> **What is needed**:
Note the line containing "Callaway Boston bag"; from it through the last line below, give only those lines again, exactly, both ends included, skipping pictures.

> **Material provided**:
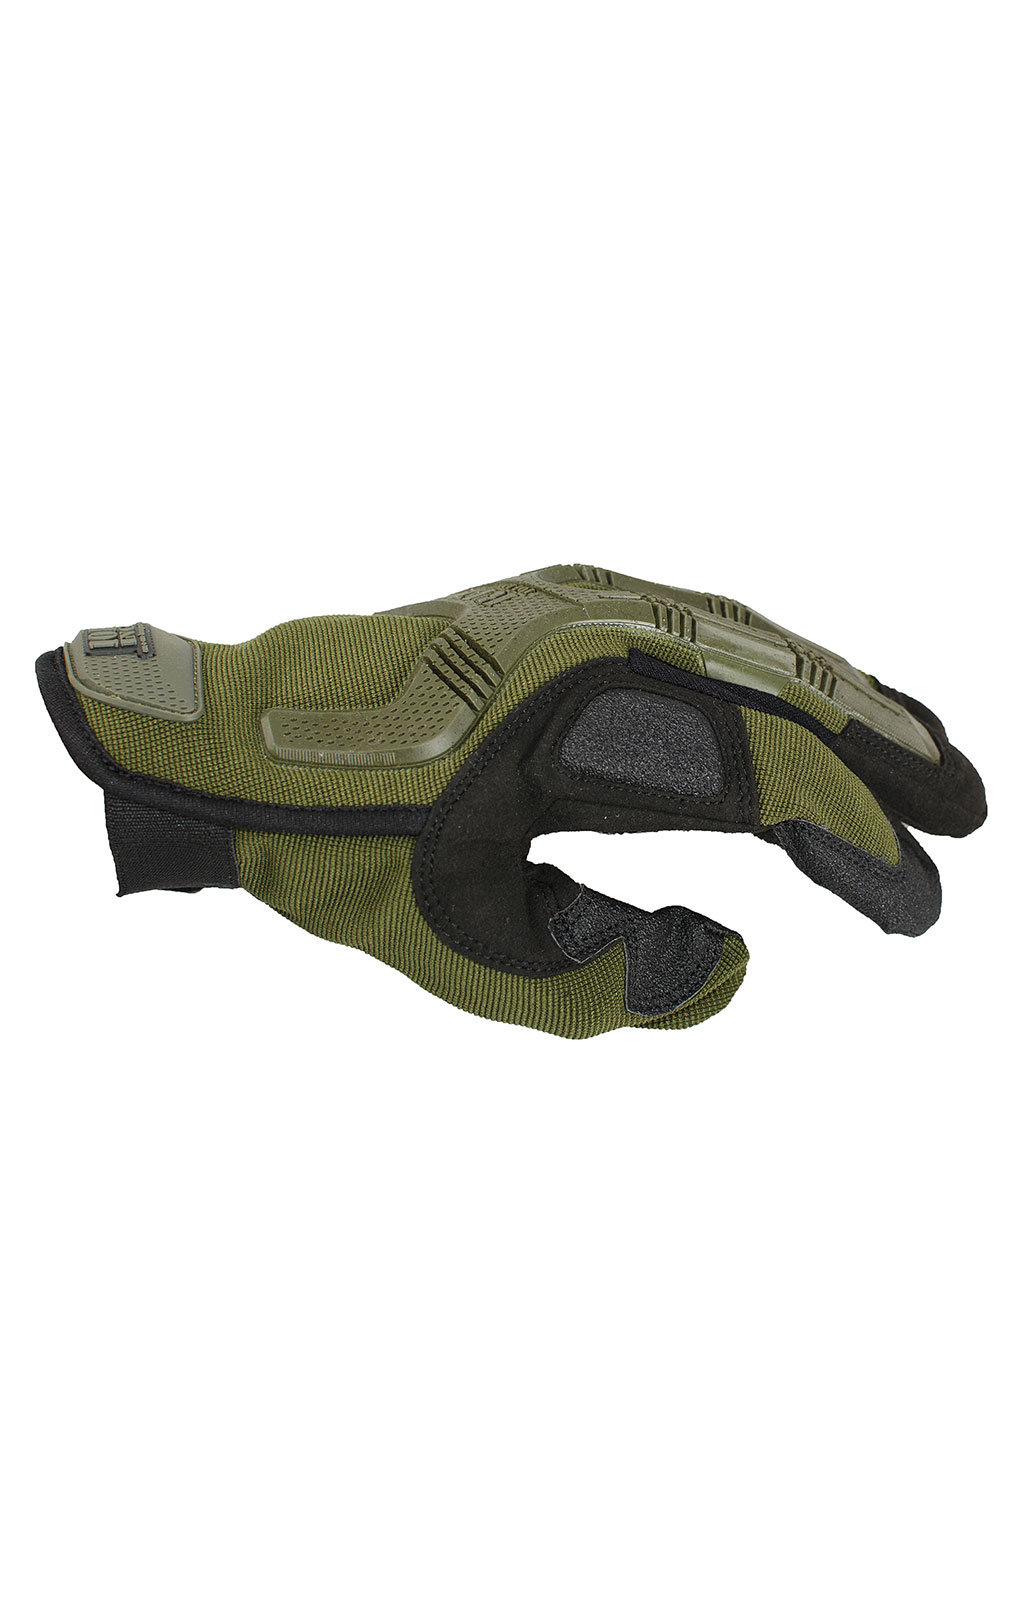 Перчатки тактические Fostex с резин. защитой 101 Inc. olive 
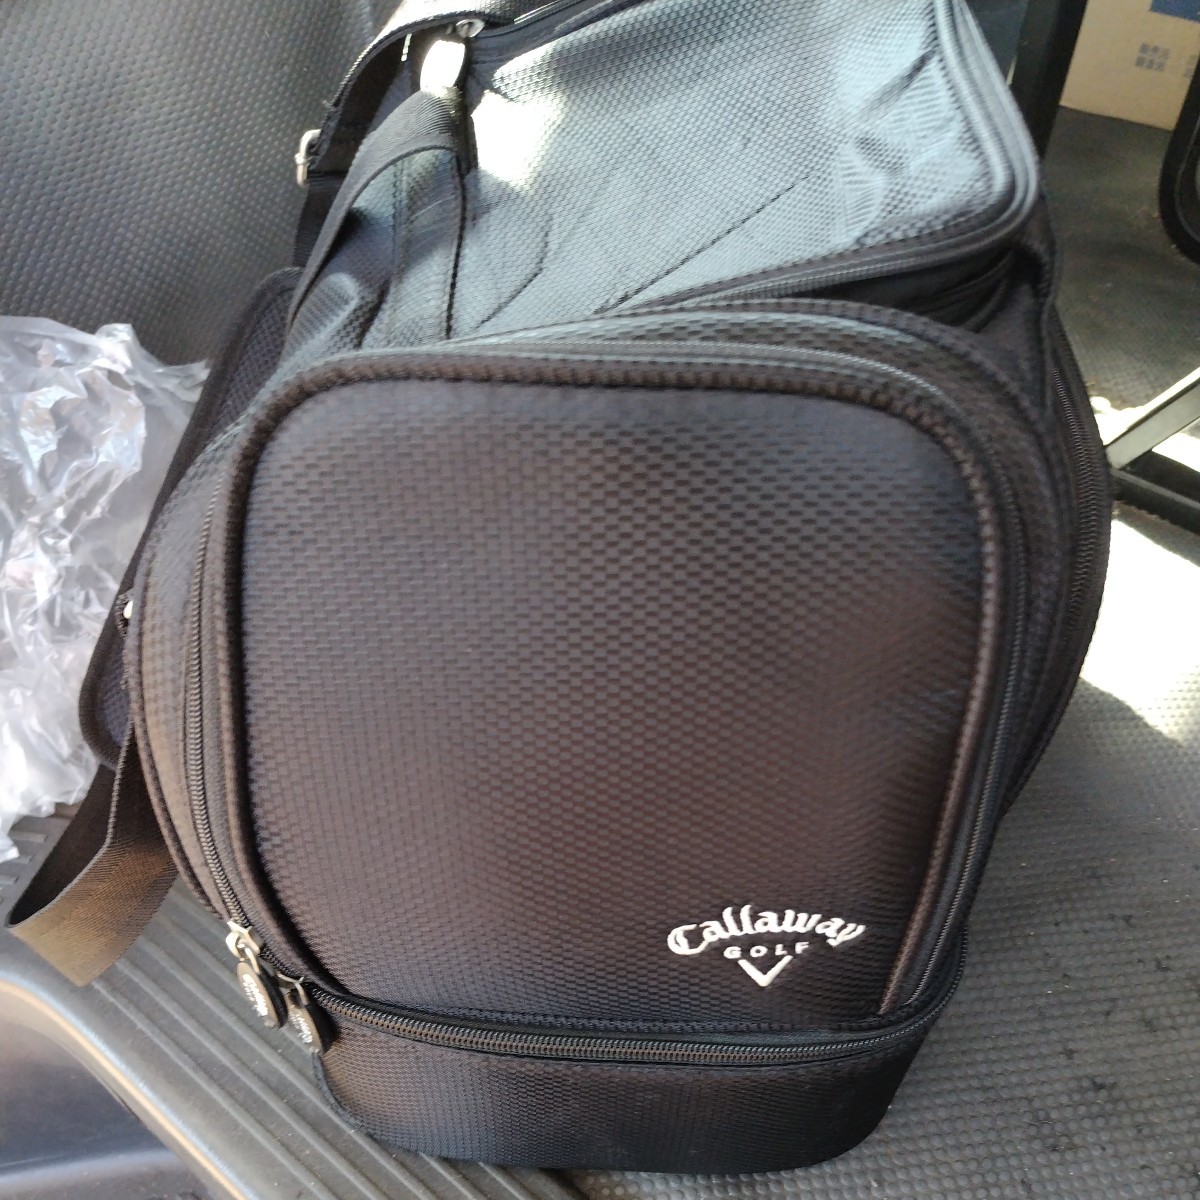  Callaway Boston bag 
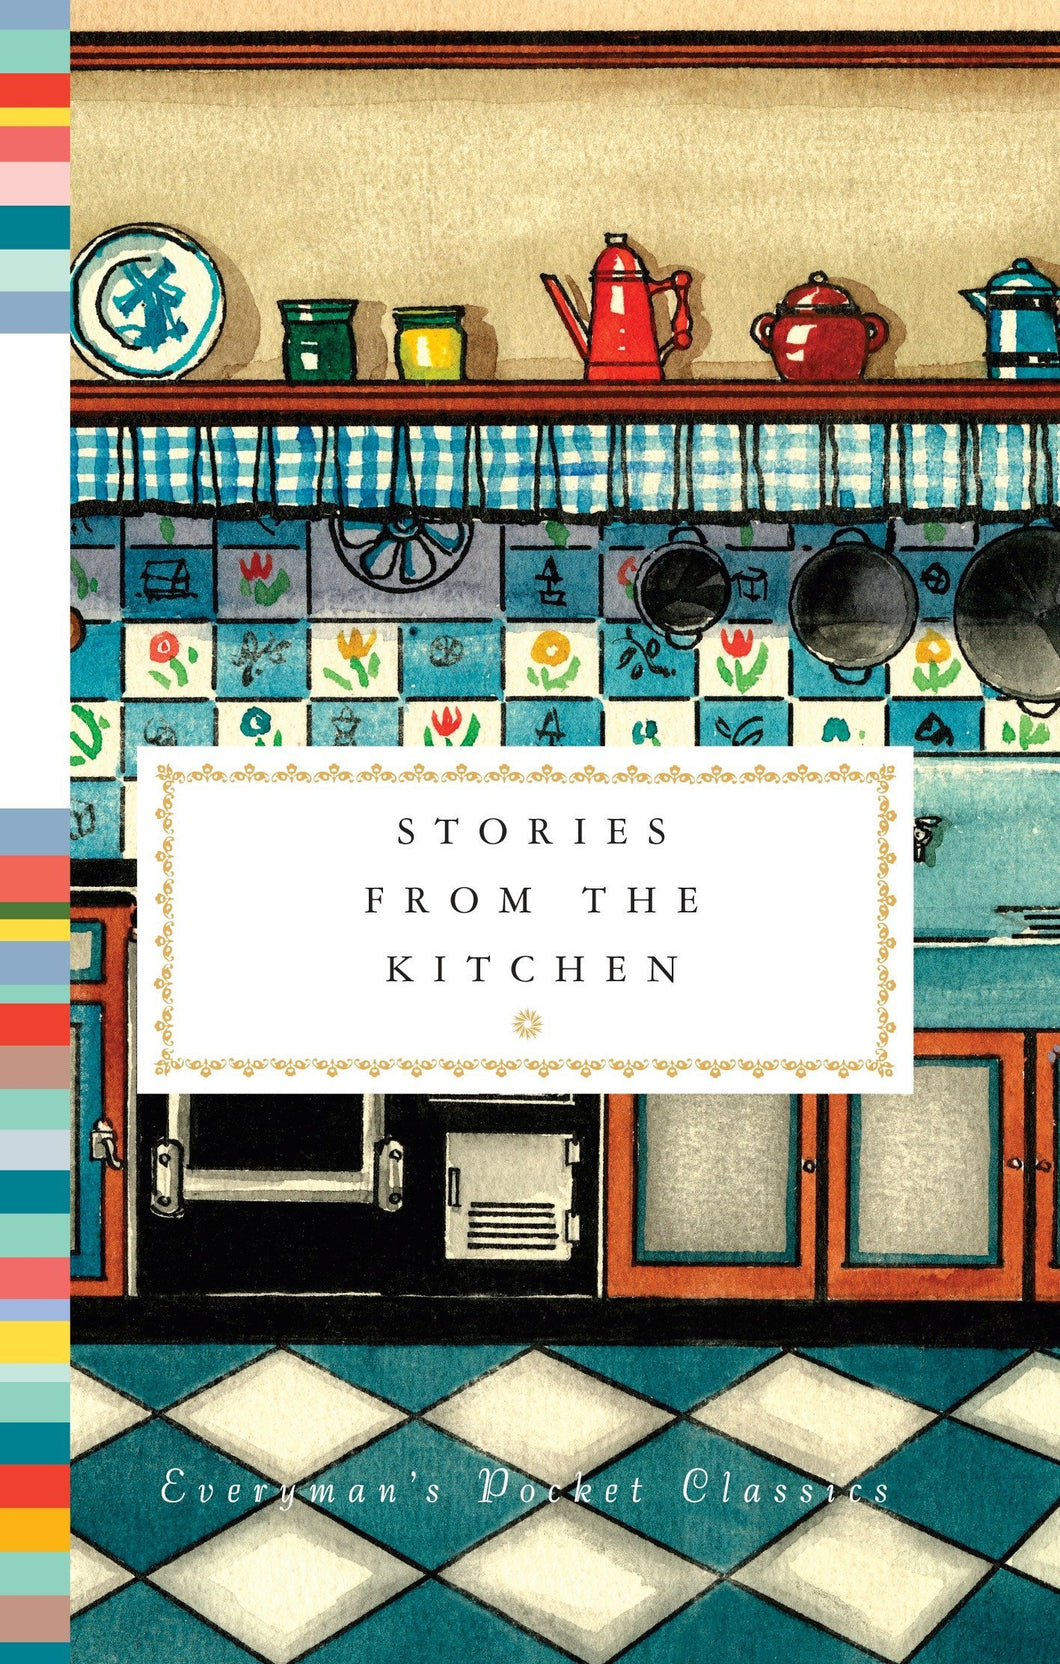 Stories from the Kitchen ร้านหนังสือและสิ่งของ เป็นร้านหนังสือภาษาอังกฤษหายาก และร้านกาแฟ หรือ บุ๊คคาเฟ่ ตั้งอยู่สุขุมวิท กรุงเทพ

> **Response**:
  Callaway Boston bag 
 Stories from the Kitchen ร้านหนังสือและสิ่งของ เป็นร้านหนังสือภาษาอังกฤษหายาก และร้านกาแฟ หรือ บุ๊คคาเฟ่ ตั้งอยู่สุขุมวิท กรุงเทพ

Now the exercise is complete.